Why today the electron appears to have the mass of 9,109389754 x10^-31 kg? This happens how a consequence of our unitary measurement, that put in unitary geometrical TIES that are extraneous to the quantity measured. Here are all this TIES at every dimension referred to the unitary meter:

  1. 10^-1 is the unit of 10^1. It is the action 1/10 that shows the reaction 10/1 of the unitary cycle of the space. The tie is 1/10, so it is 0,1.
  2. 10^-2 is the unit of 10^2. It is the transversal area xy = 10x10, of the flow of the mass that flows only in z direction. So we ave  the tie 0 at dimension 10^-2, that is 0,00.
  3. 10^-3 is the unit of 10^3. The time 1/10 is entered in joke and the energy 3x3 of the transversal area xy, now can work in direction z, as the tie 9 that, at the dimension 10^-3 is worthed  0,009.
  4. 10^-4 is the unit of 10^4. The volume 10^3 is in full real movement and shows the tie 3 on the base of its numerical cycle. At the dimension 10^-4 the tie 3 is  0,0003.
  5. 10^-5 is the unit of 10^5. This, referred to all the 10^10 Angstrom that form 1 m, is the dimension (10^10)^1/2 of the electric flow. 10^3 x 10^5 counts all the masses electro-magnetics, and are 10^8, whose tie is the 8 on the base of its numerical cycle 10. At the dimension 10^-5 the tie 8 is 0,00008.
  6. 10^-6 is the unit of 10^6 (all the complex space 10^3 x 10^3). The unit of the mass volume 10^3, multiplied by all the line 10^6, gets the tie 10^9, of the 9 on its decimal base. At the dimension 10^-6 the tie 9 is 0,000009.
  7. 10^-7 is the unit of 10^7. All the space in 10^10, divided bu the 10^3 unitary masses get the number 10^7, whose tie is the 7 on the base of its numerical cycle 10. At the dimension 10^-7 the tie 7 is  0,0000007.
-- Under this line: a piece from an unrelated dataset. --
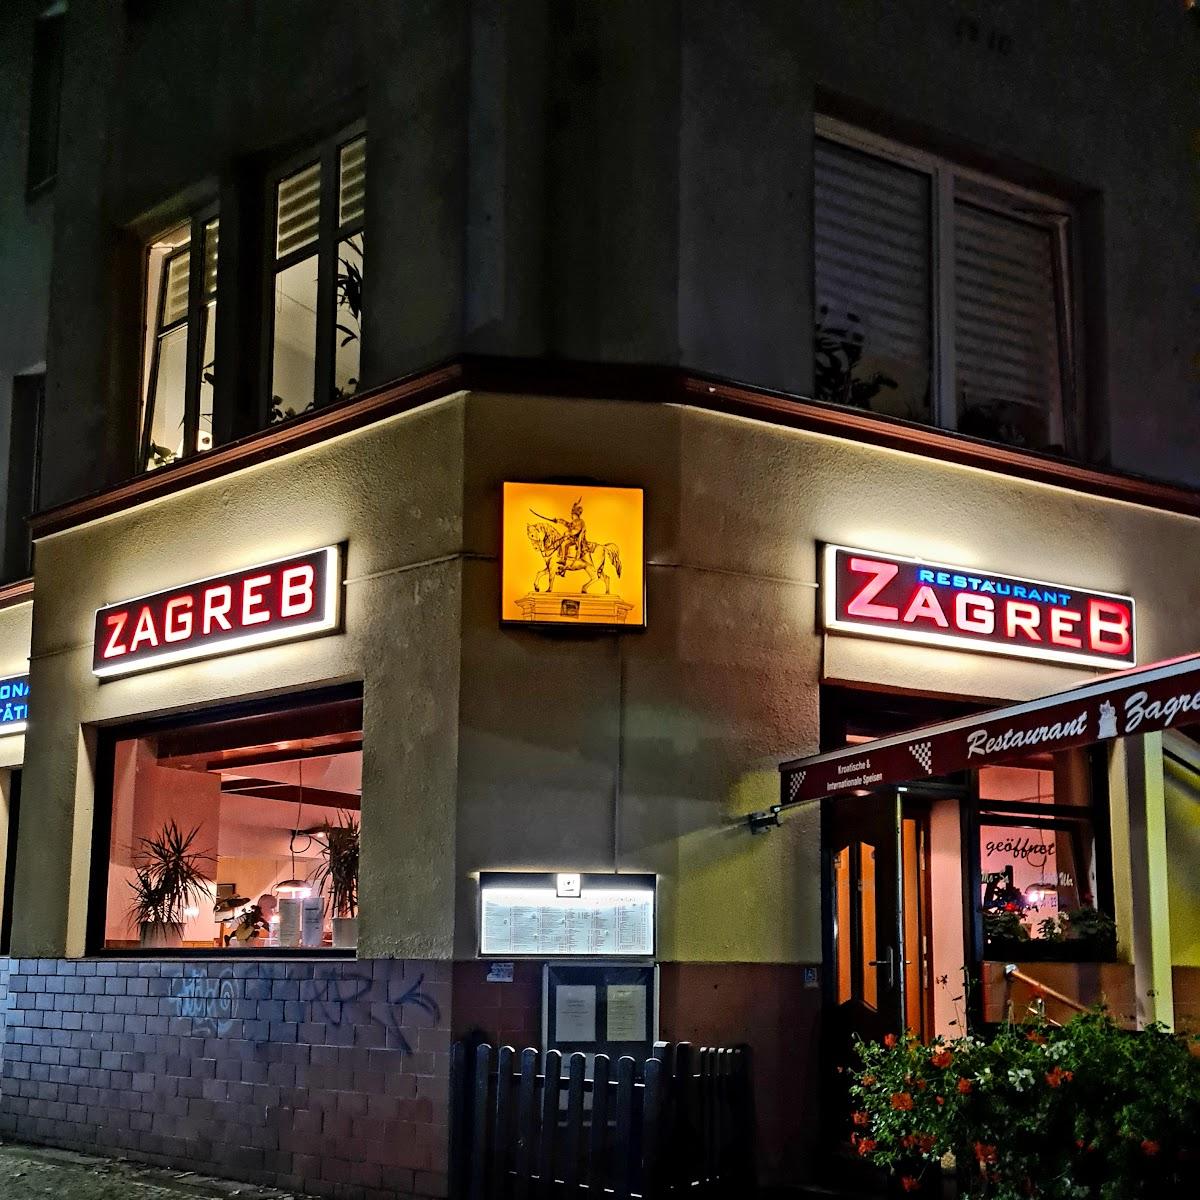 Restaurant "Restaurant Zagreb" in Berlin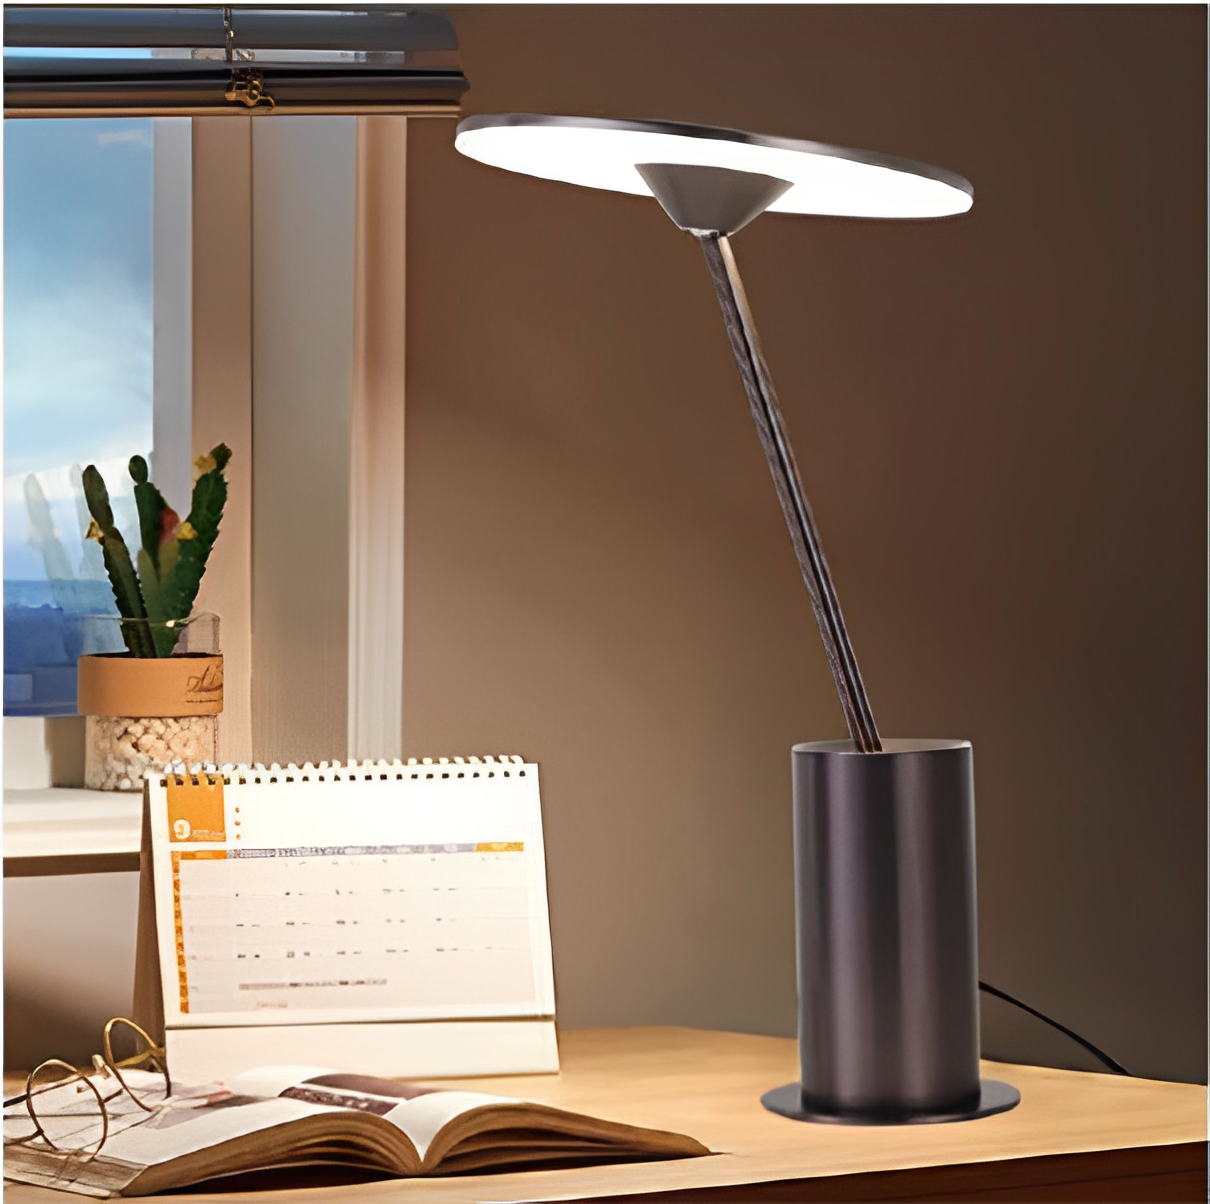 https://www.wonledlight.com/modern-creative-luxury-hotel-home-decoative-metal-base-bed-side-indoor-led-table-lamp-product/

  8. 10^-8 is the unit of 10^8, that is all the length electromagnetic having the absolute area 10^2 in 10^10. This precise calculus  10^8 : 10^3 = 10^5 quantifies all the masses electrical of the electron. 5 is the tie on the base of its numerical cycle 10. At the dimension 10^-8 the tie 5 is 0,00000005.
  9. 10^-9 is the unit of 10^9,  =that is all the space runned by the cycle 10, in 10^10 (the usual Angstroms = 1 m). The calculus  10^9 : 10^5 = 10^4, numbers the electrical masses. Th tie is 4 on the base 10 of its numerical cycle. At the dimension 10^-9 the tie 4 is 0,000000004.
The sum of all the ties ad every dimension is:
0,1
0,00
0,009
0,0003
0,00008
0,000009
0,0000007
0,00000005
0,000000004
==========
0,109389754

The Physicians cannot have more numbers than 9,109389754, because by the cycle 10 can be obtained till 10 decimal numbers. A eleventh decimal number exists, but "isn't yet present" for the reasons told by Planck.